§ What the task asks:
Pictures stay out of the output. Return exactly the lines below from the one with "Taste&Enjoy 南洋風味料理 20" down to the one with "Guest bedroom two", both included, and nothing more.

§ Record set:

----

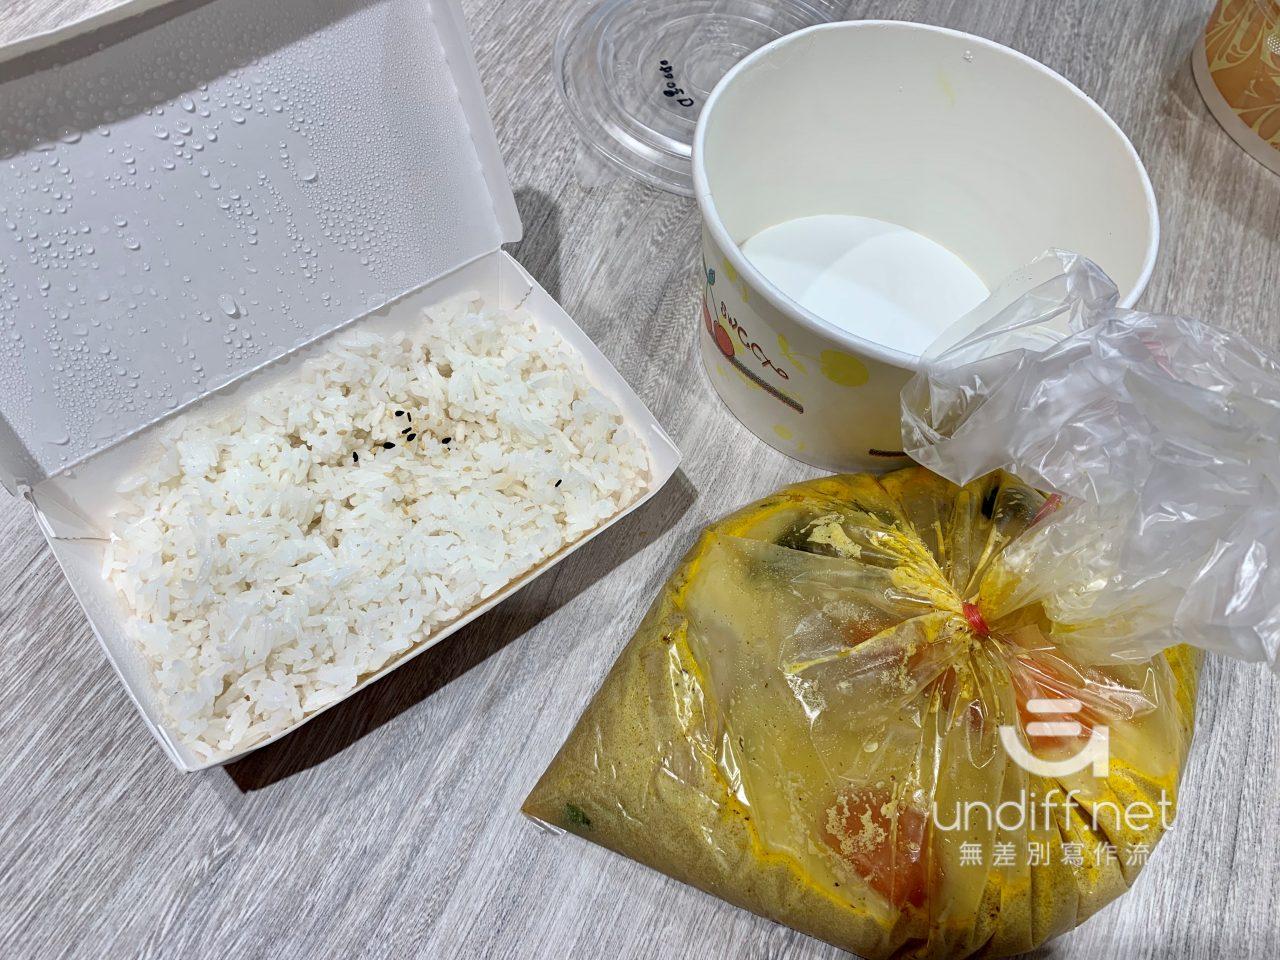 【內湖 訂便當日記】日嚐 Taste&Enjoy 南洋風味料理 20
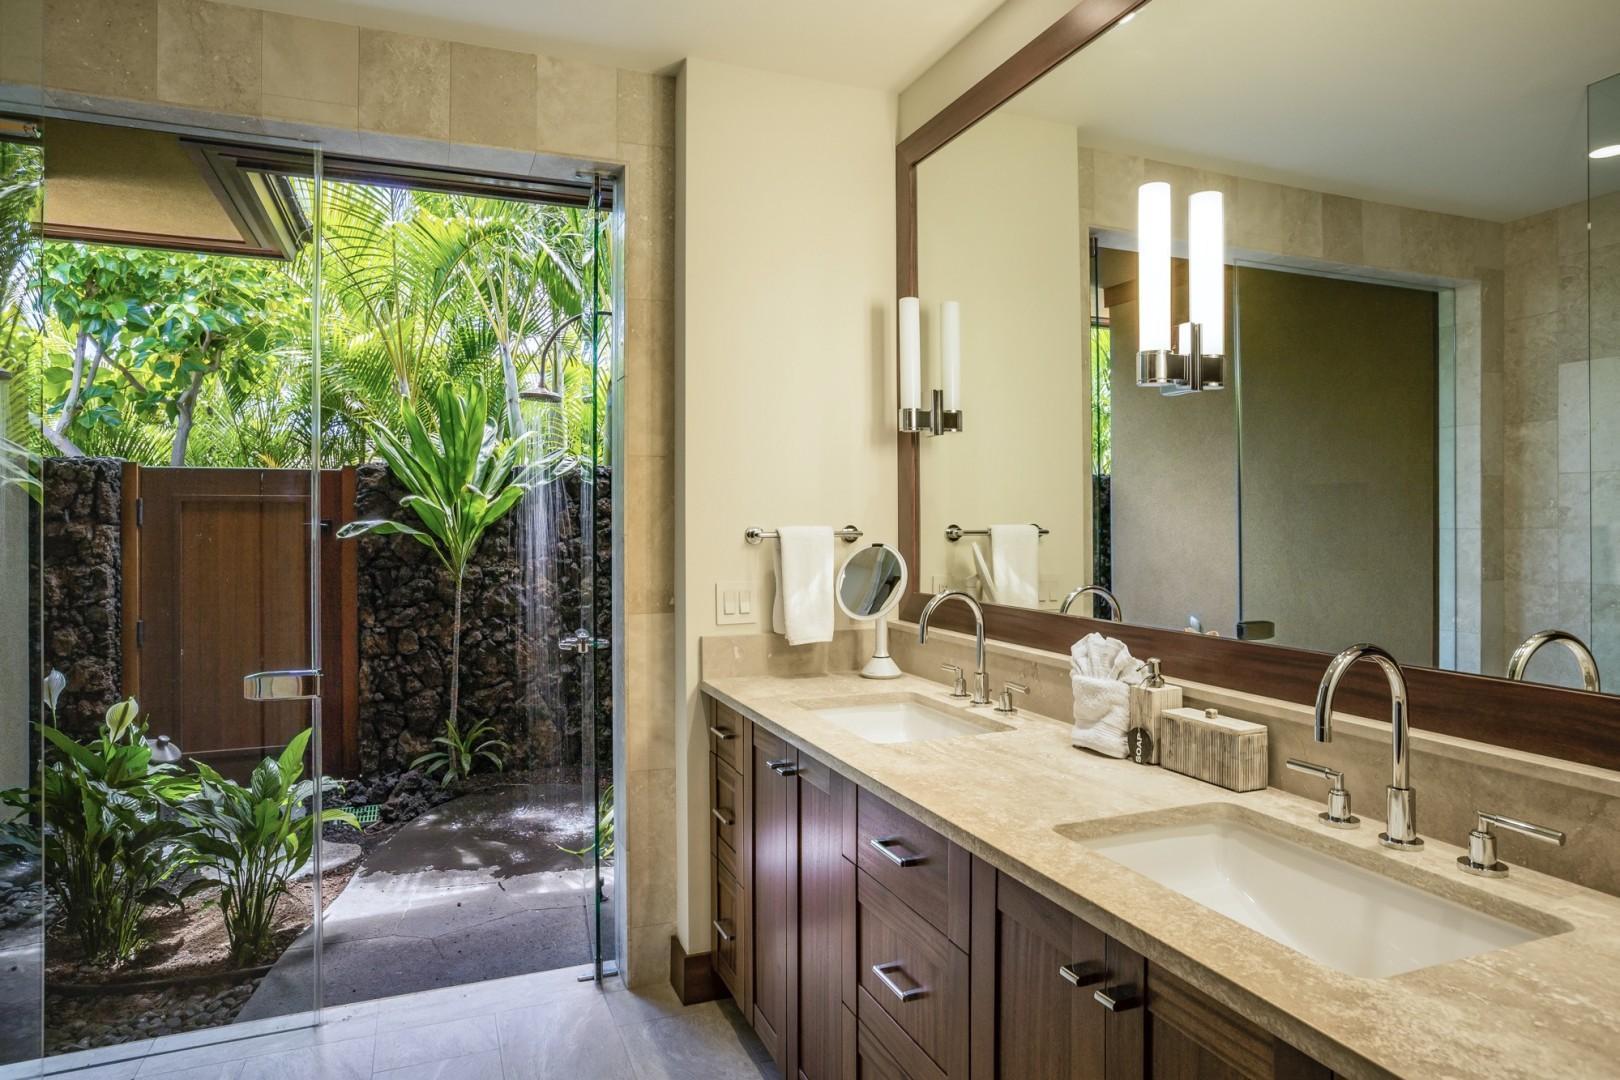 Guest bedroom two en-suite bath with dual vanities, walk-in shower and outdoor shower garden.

----

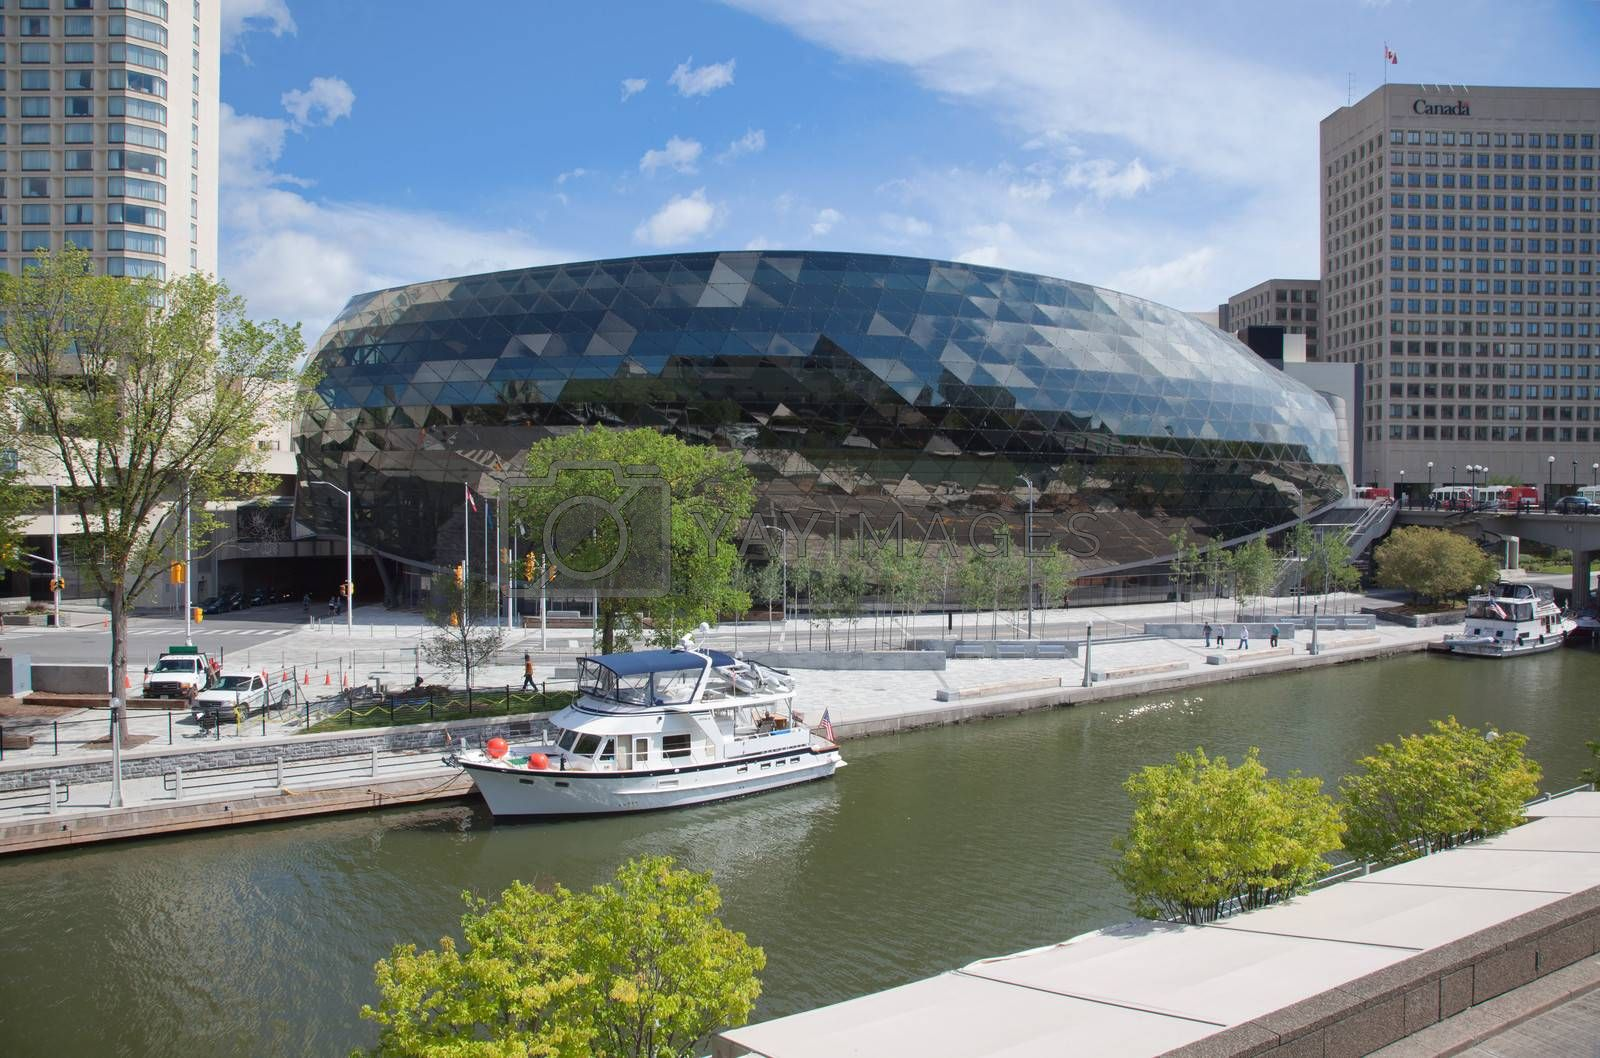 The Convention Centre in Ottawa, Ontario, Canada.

----

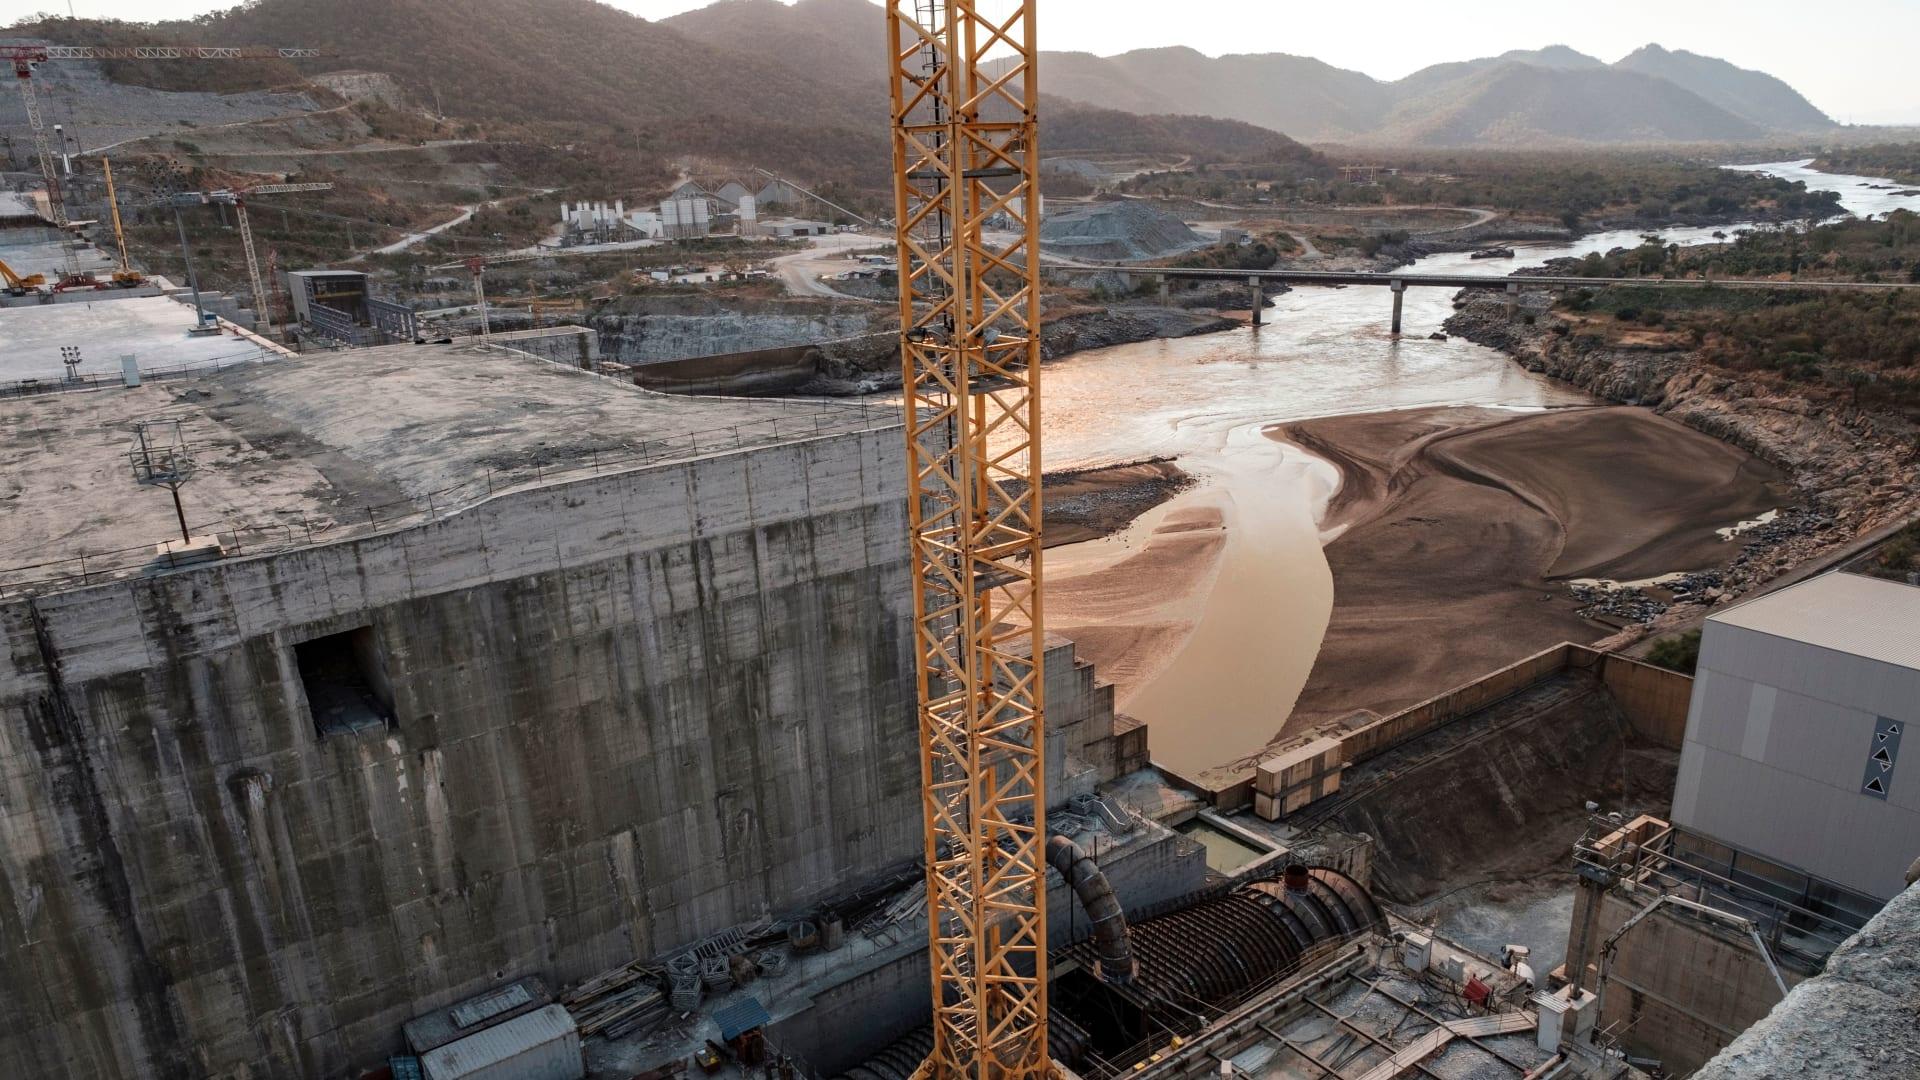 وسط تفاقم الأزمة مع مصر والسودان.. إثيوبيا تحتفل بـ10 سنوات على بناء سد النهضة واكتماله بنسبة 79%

----

§ Response to this task:
 【內湖 訂便當日記】日嚐 Taste&Enjoy 南洋風味料理 20
 Guest bedroom two en-suite bath with dual vanities, walk-in shower and outdoor shower garden.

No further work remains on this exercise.